Segment Start: THE DATA
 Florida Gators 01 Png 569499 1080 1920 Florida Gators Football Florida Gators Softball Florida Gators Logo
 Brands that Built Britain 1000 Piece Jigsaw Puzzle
Segment End: THE DATA
Segment Start: THE DATA
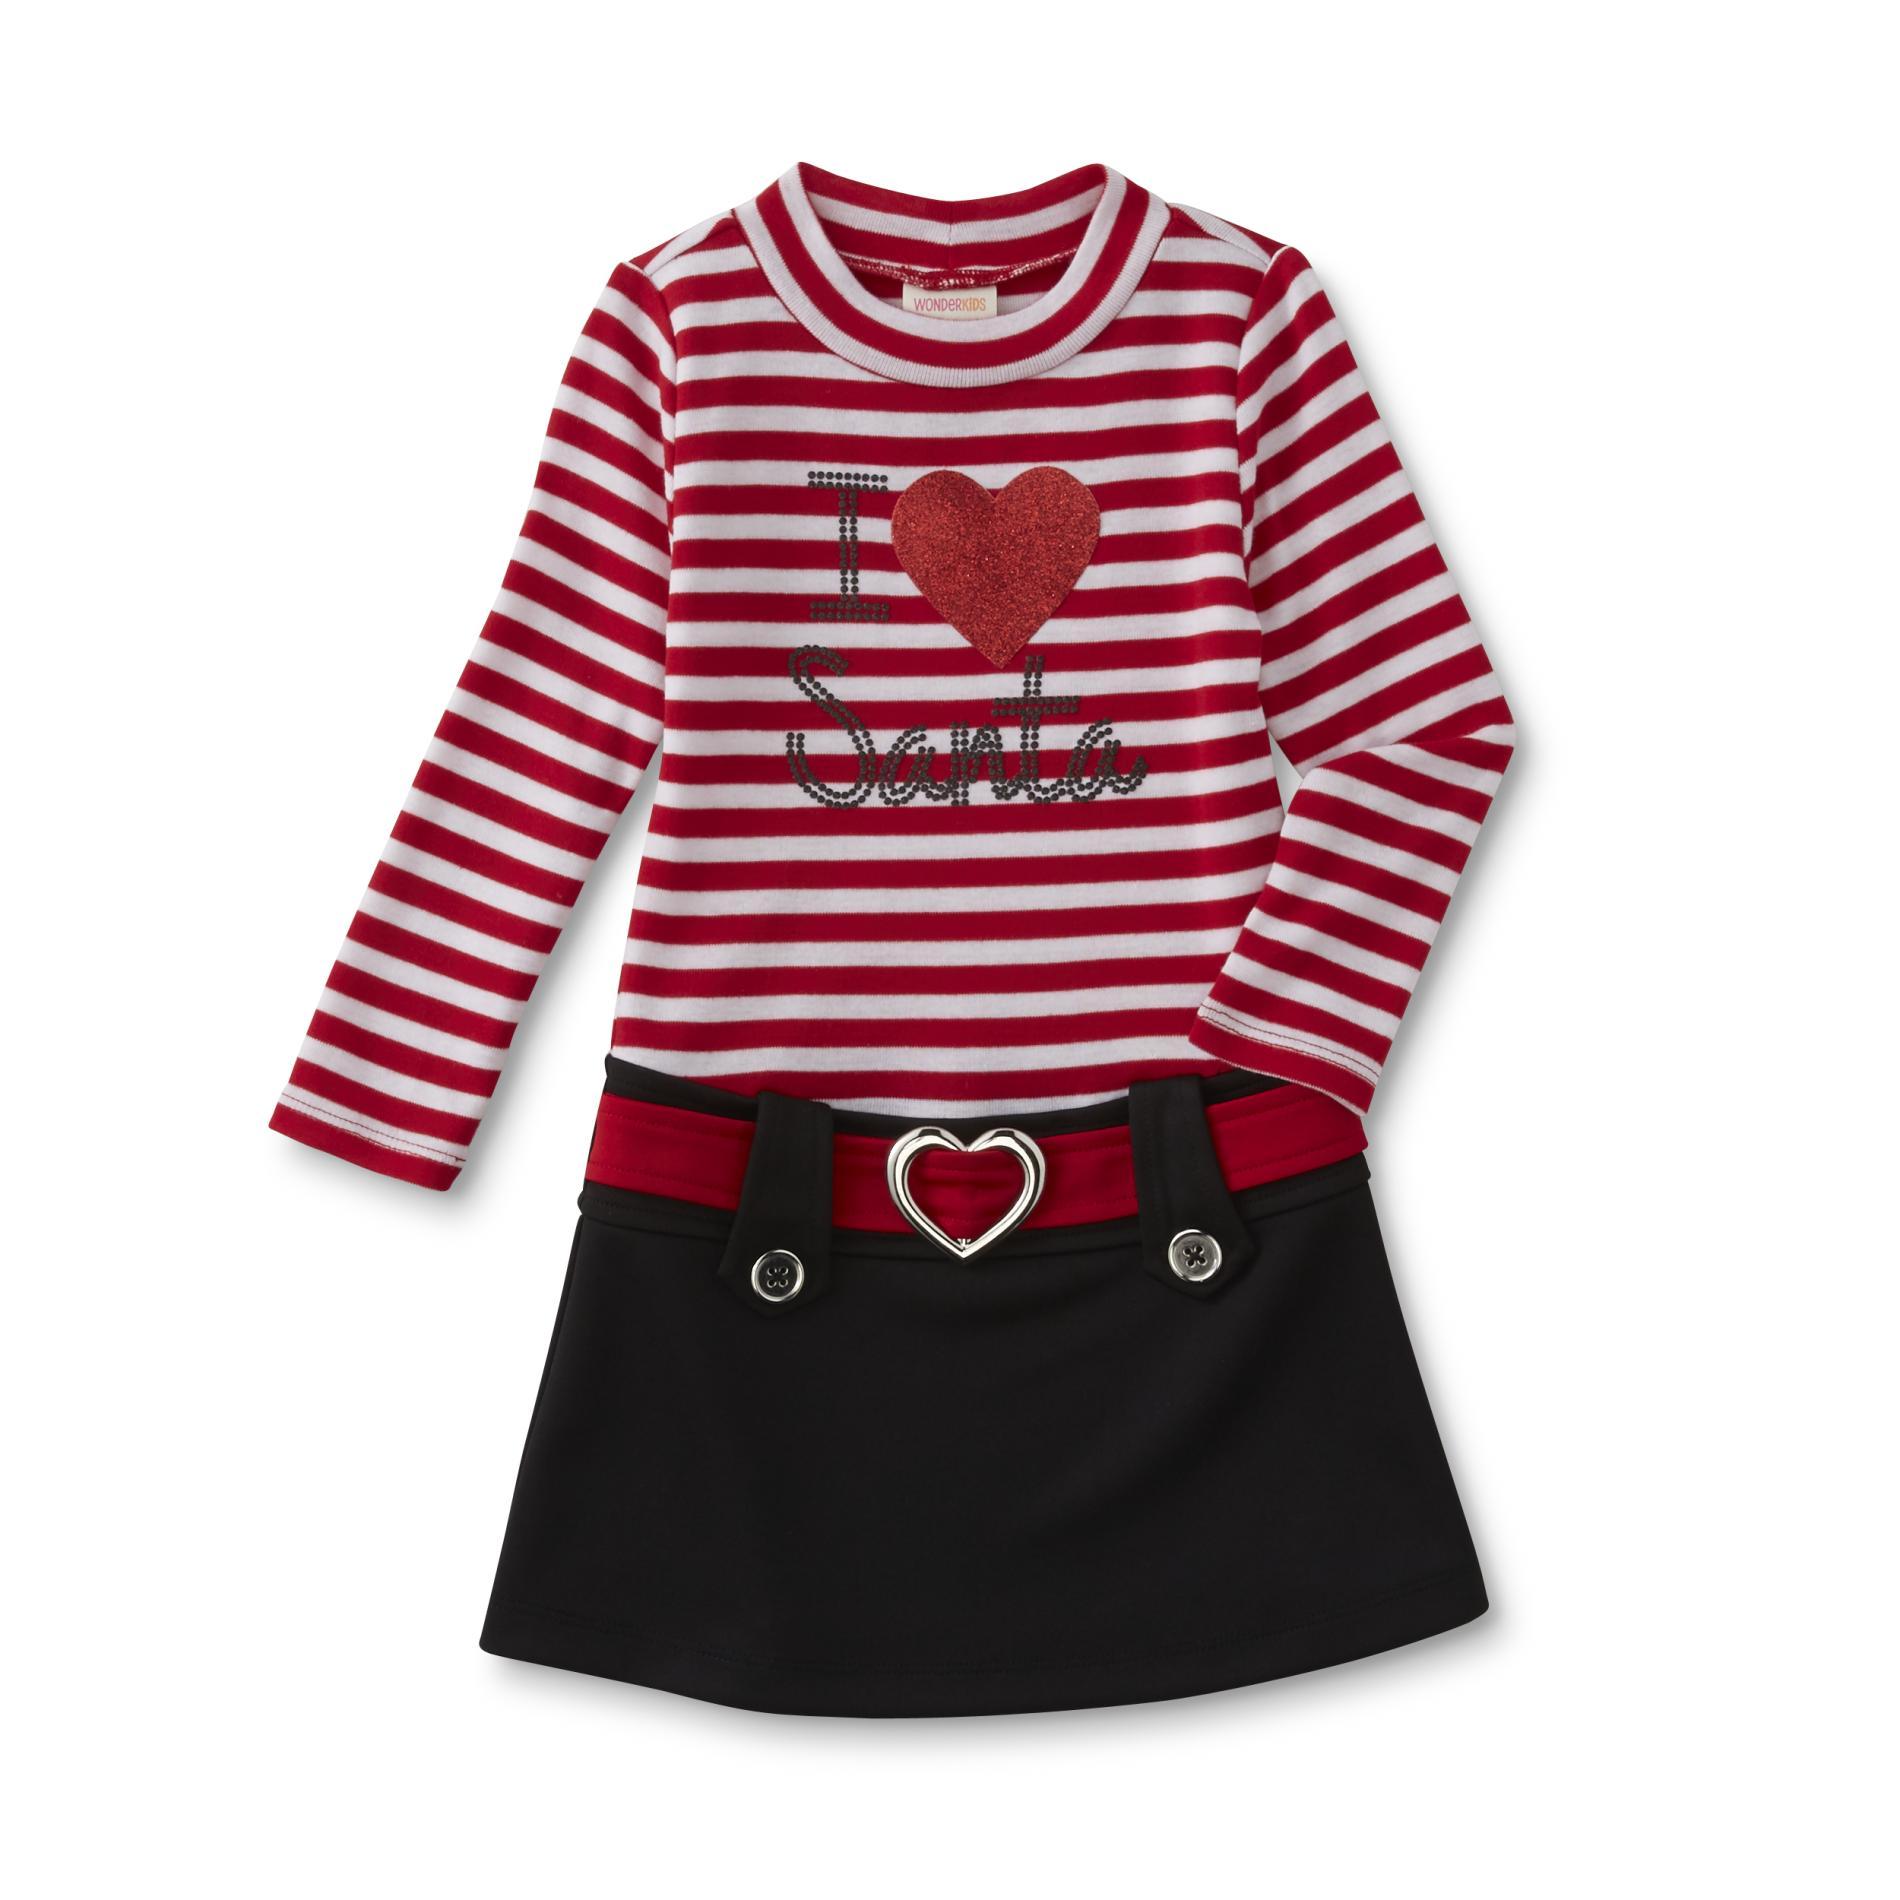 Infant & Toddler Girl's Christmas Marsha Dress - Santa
Segment End: THE DATA
EXERCISE INSTRUCTIONS ▸
Reproduce verbatim the lines above, from the line with "Florida Gators 01" through the line with "Brands that Built".

ANSWER TO THIS PROBLEM ▸
 Florida Gators 01 Png 569499 1080 1920 Florida Gators Football Florida Gators Softball Florida Gators Logo
 Brands that Built Britain 1000 Piece Jigsaw Puzzle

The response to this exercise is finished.